Жажда мести
– Дедушка, вот ты пойдешь еще к Брежневу? Хватит ему пить, скажи, что на старости стоит подумать о душе. Так вот скажи ему, что с ним хочет, мечтает поговорить молодой умный человек Волгин, как представитель той самой прослойки, на которой держится все государство. Пусть он выслушает его. Может, молодые партию спасут?
– Это мысль! – воскликнул Безмагарычный, обращаясь к маршалу.
– А что, – задумчиво произнес маршал, – пожалуй, действительно мысль интересная.
– Так вот, дедушка, тот самый случай, ведь он ему может глаза раскроет, ведь он же не полный, этот Брежнев, осел.
– Да нет, он народ любит, только ума бог государственного не дал, – отвечал маршал и почесал за ухом. – А что, товарищ Волгин, махнем в Кремль? Расскажешь все. Напряги свой талант, подумай, что говорить. Ты ведь умен. Я читал кое-что. Кто знает, может так случиться, что и пригодишься народу.
– Он, дедушка, не член партии, – ответила за Волгина Лена.

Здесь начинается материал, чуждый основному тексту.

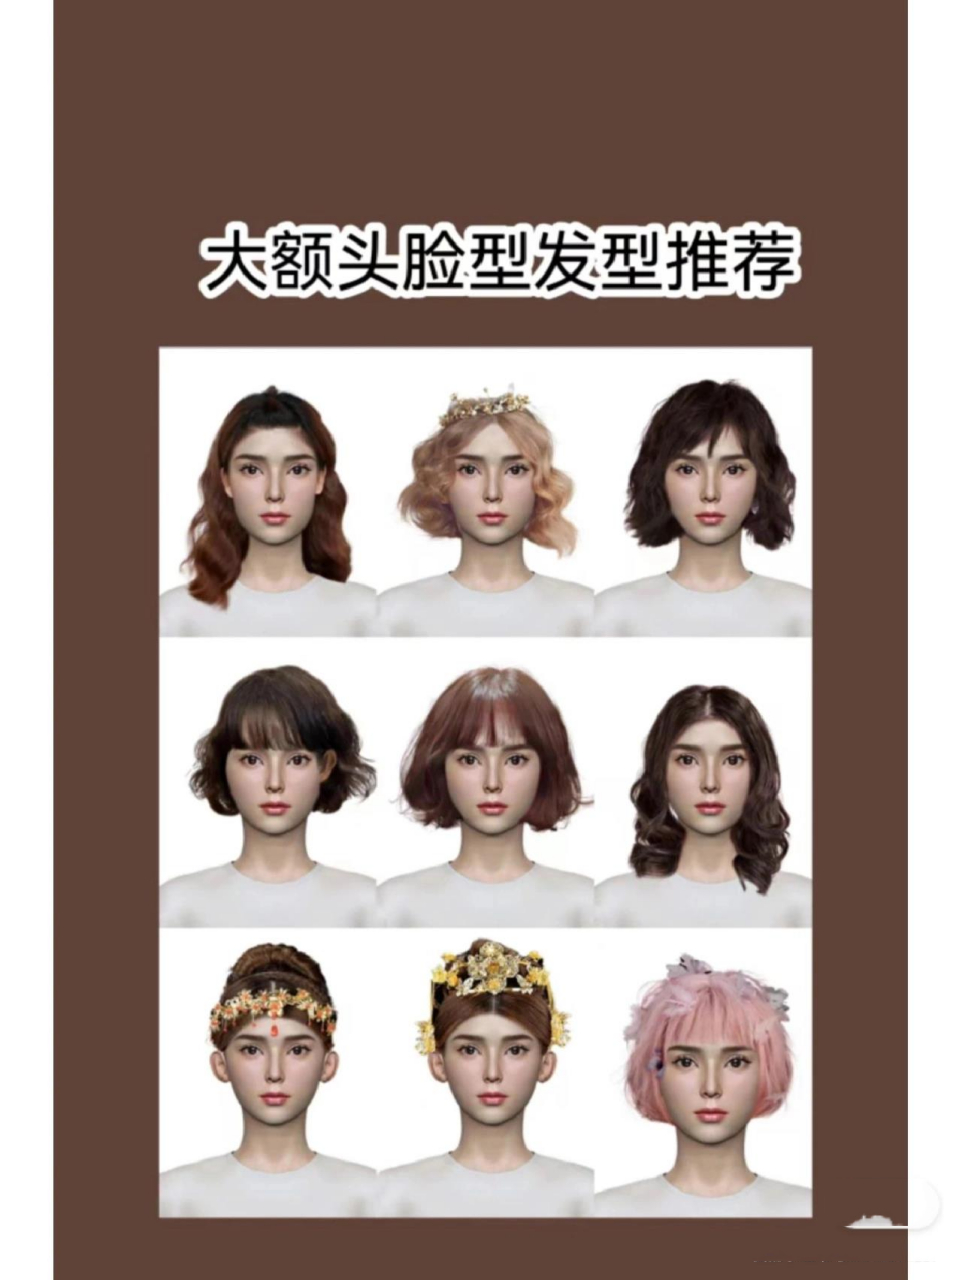 测发型设计软件测试脸型软件推荐          女生短发图片学生头直发

– Не так велика беда, примут. Надо что-то делать, надо, – сокрушался маршал. – Страна валится в пропасть разврата. Родина в опасности, я вижу страдания родного народа. Они вспомнят еще старого маршала.
VI
Волгин в издательстве бывал крайне редко, приходил исключительно за рукописью, ни с кем не дружил, молча, тенью проносился по длинным коридорам в редакцию критики и литературоведения, садился за стол, а заведующий редакцией критики приносил ему очередную рукопись. И он вскоре уходил. На этот раз его ожидали. Заведующий редакцией, – молодой человек, со следами частого употребления алкоголя на лице, но при светлом уме и весьма образованный. Звали его Александром Петровичем Карелиным, он настороженно встретил его и сказал:
– Вам срочно к главному.
Волгин не торопился. Ему теперь было все равно. Рукопись завернули, и он предполагал, что при малейшем конфликте или неудовольствии начальства уйдет из издательства совсем и никогда не вернется. Но главный Сорокин на этот раз был другого мнения. Он сидел в кресле и при появлении Волгина привстал и пожал руку.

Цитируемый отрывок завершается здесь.